In a nutshell, the adventure involves locking a group of players, usually numbering between 8 and 12, in a room filled with objects that contain clues or keys to their escape. The time limit, typically an hour, is part of the appeal: It’s a fast-paced race through a series of puzzles that engages every player’s knowledge and abilities, set in a cleverly themed environment that invokes their inner actor. “It makes the players the characters in their own adventure,” says Lisa Radding, an NYC researcher who’s become a self-proclaimed “room escape artist,” playing and reviewing some 65 escape rooms across the U.S. in 2015. “Each solved puzzle accelerates forward motion, following the story structure that you would expect from a good book or movie.”

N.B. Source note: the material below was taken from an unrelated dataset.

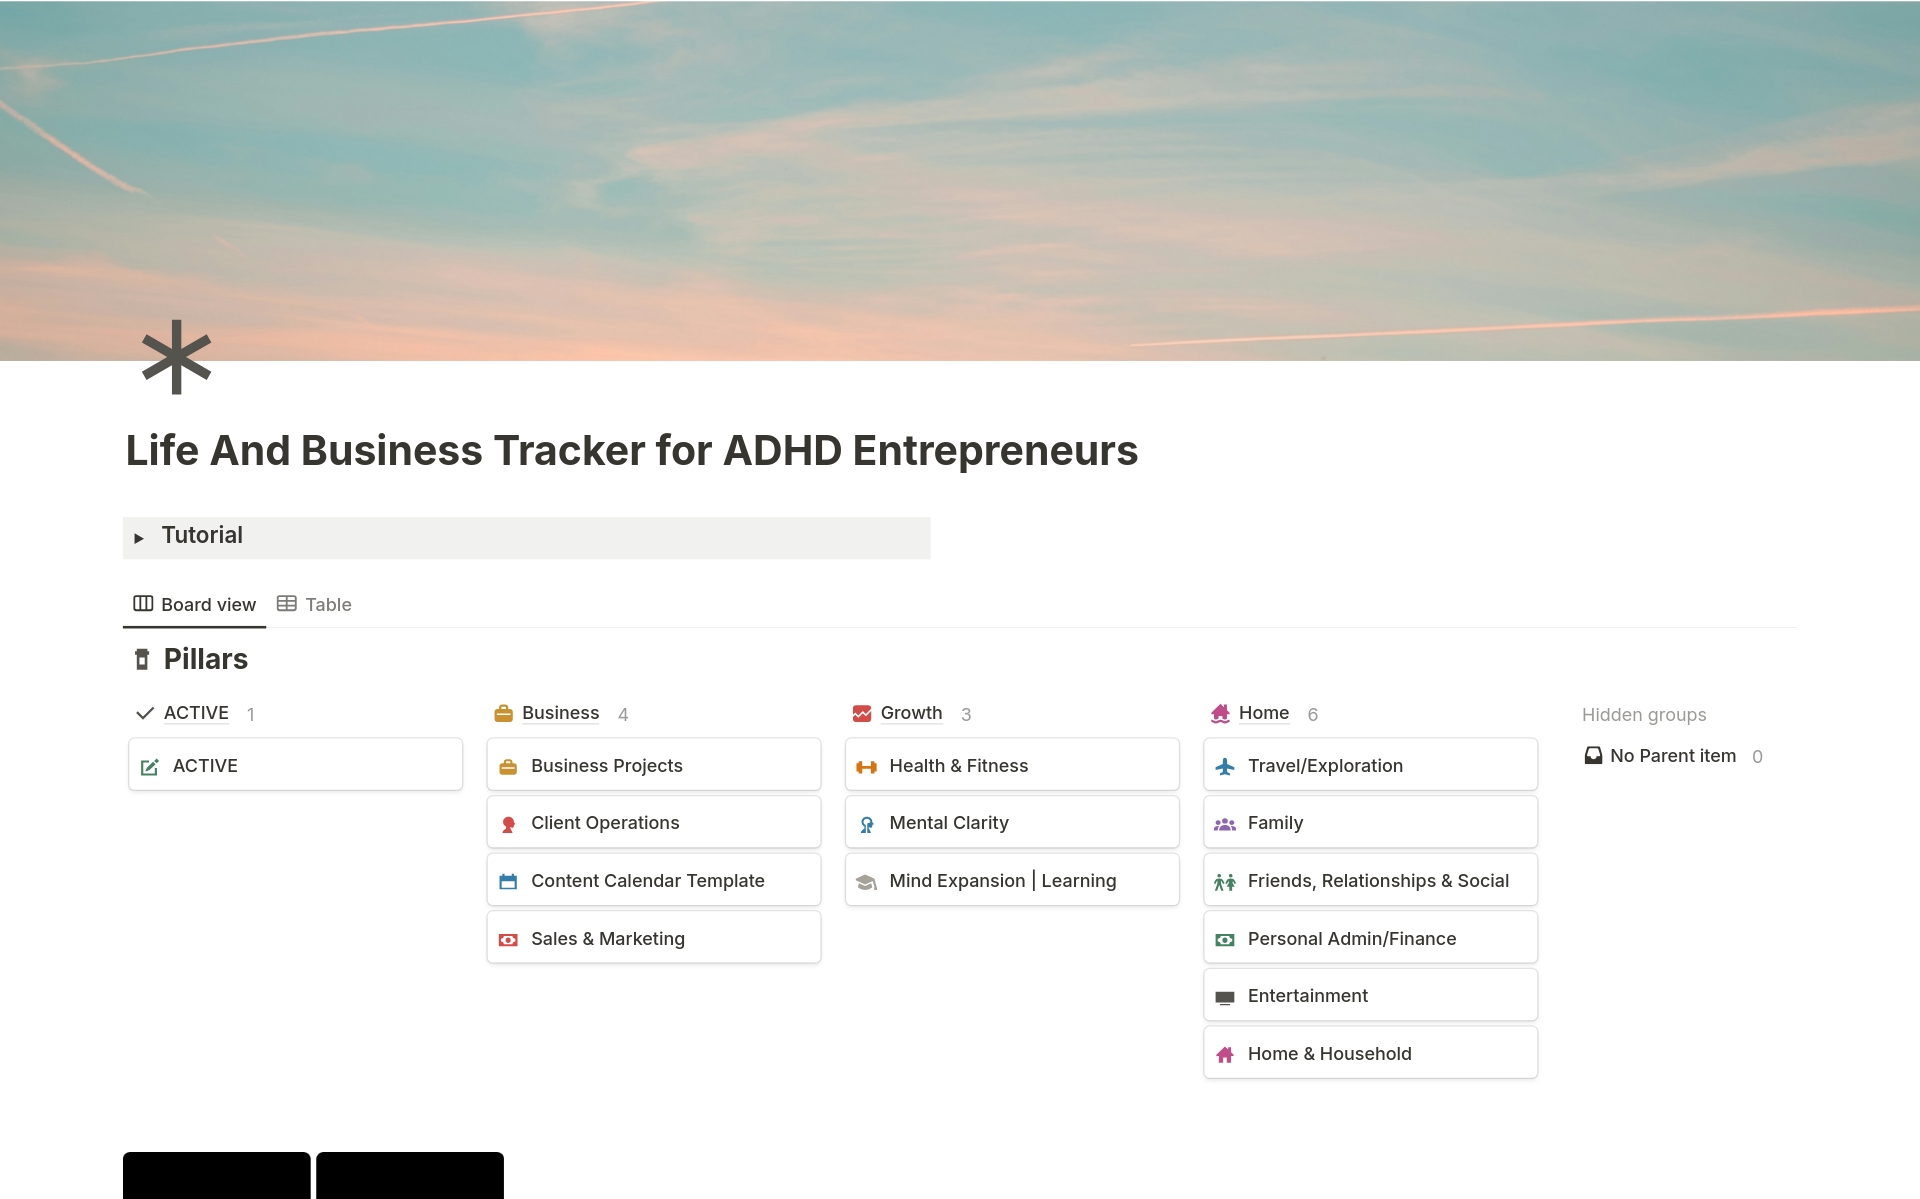 Aperçu du modèle de Life & Business Tracker for ADHD Entrepreneurs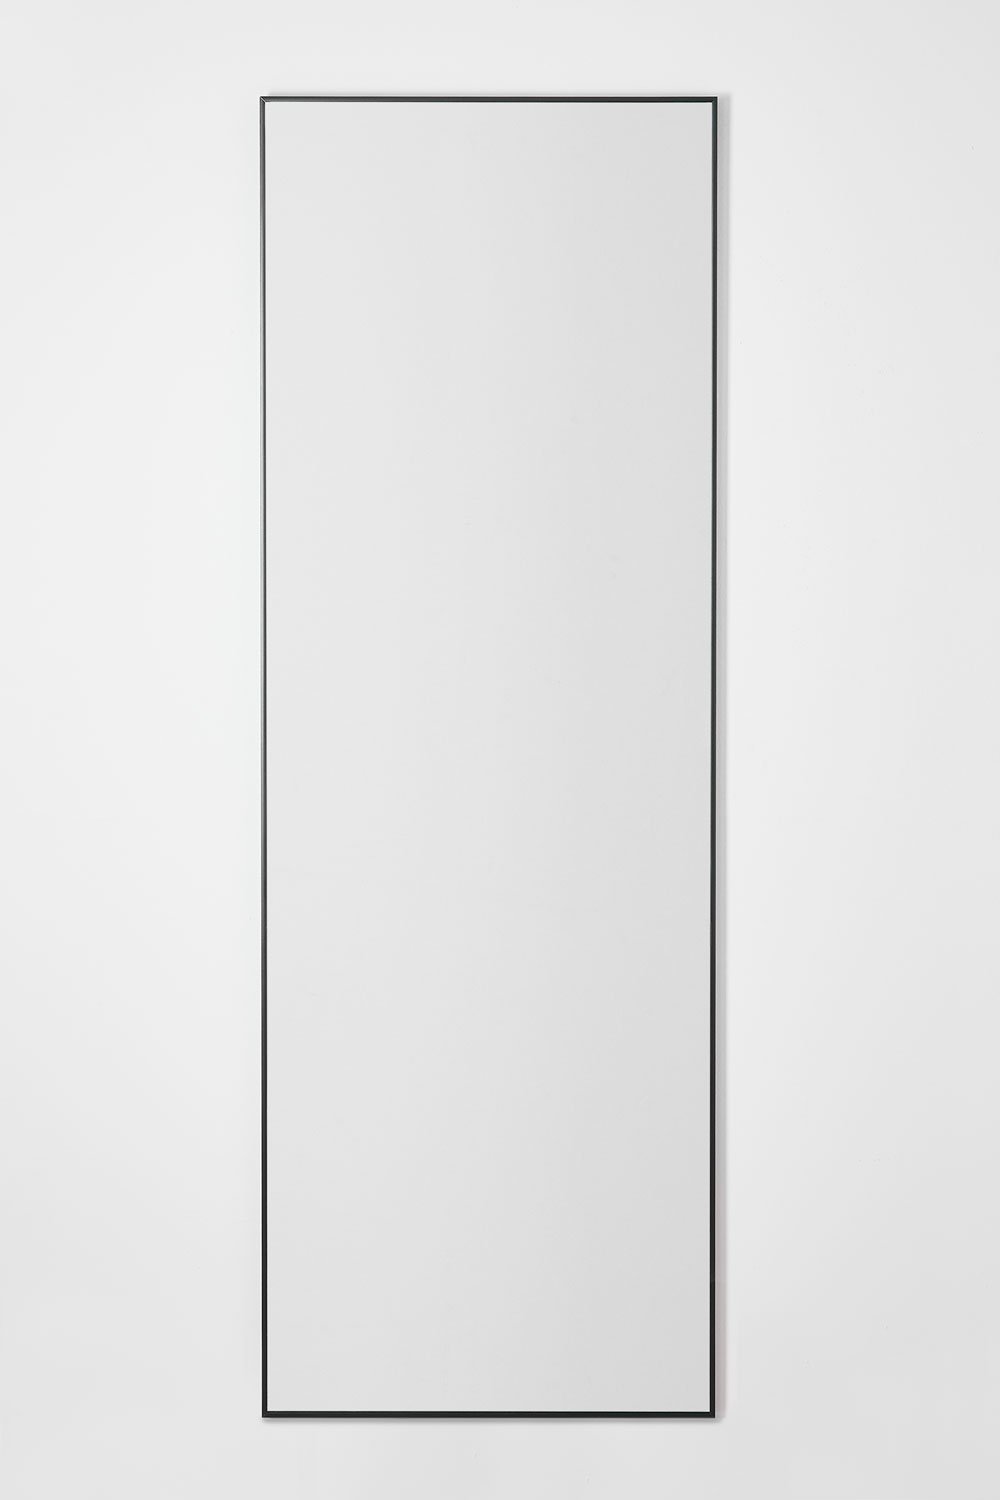 Specchio da parete rettangolare in alluminio (70x200 cm) Mirjam, immagine della galleria 1

SOME OF THE VALLEY'S GREATEST ESCAPES
Phoenix Puzzle Room Located just north of the Central and Adams light rail station, offers two games: The Pearled Pachyderm, where a team must pilfer a rare artifact in a study before being caught, and The Curse of Madame Lumina, where participants must escape a coffee shop haunted by a dead fortune teller. Phoenix Puzzle Room’s operators call themselves “Human Interactions Architects,” which points to an emerging respect for escape room runners by experienced gamers. “We consider the game designers of any of our favorite games to be artists,” Radding says. “Their art combines puzzle design and storytelling to create living sculptures that players interact with. The best rooms are art installations in and of themselves.” $30 per person.
Escape the Room Arizona Offers four themed rooms: The Apartment, Western Bank Heist, The Rec Room (where players look for clues amidst stacks of old VHS tapes, Atari consoles and Walkmans to “escape the ’80s”), and The Dig, an archaeology-themed game based on the 2015 USA Network miniseries. “Think Indiana Jones meets The Da Vinci Code,” says Radding, who tried – and loved – the room at another Escape the Room franchise (there are now 18) in Philadelphia. $32.23 per person.
Epic Escape Game Boasts the largest escape room facility in Phoenix, with four rooms: Blood Thirst, where players hunt Dracula in his lair; TheFortune Teller, involving a missing psychic reader; The Whimsical Library, where players search for the overdue Book of Fun; and Top Dog, where players must rescue a kidnapped show dog. $27 per person.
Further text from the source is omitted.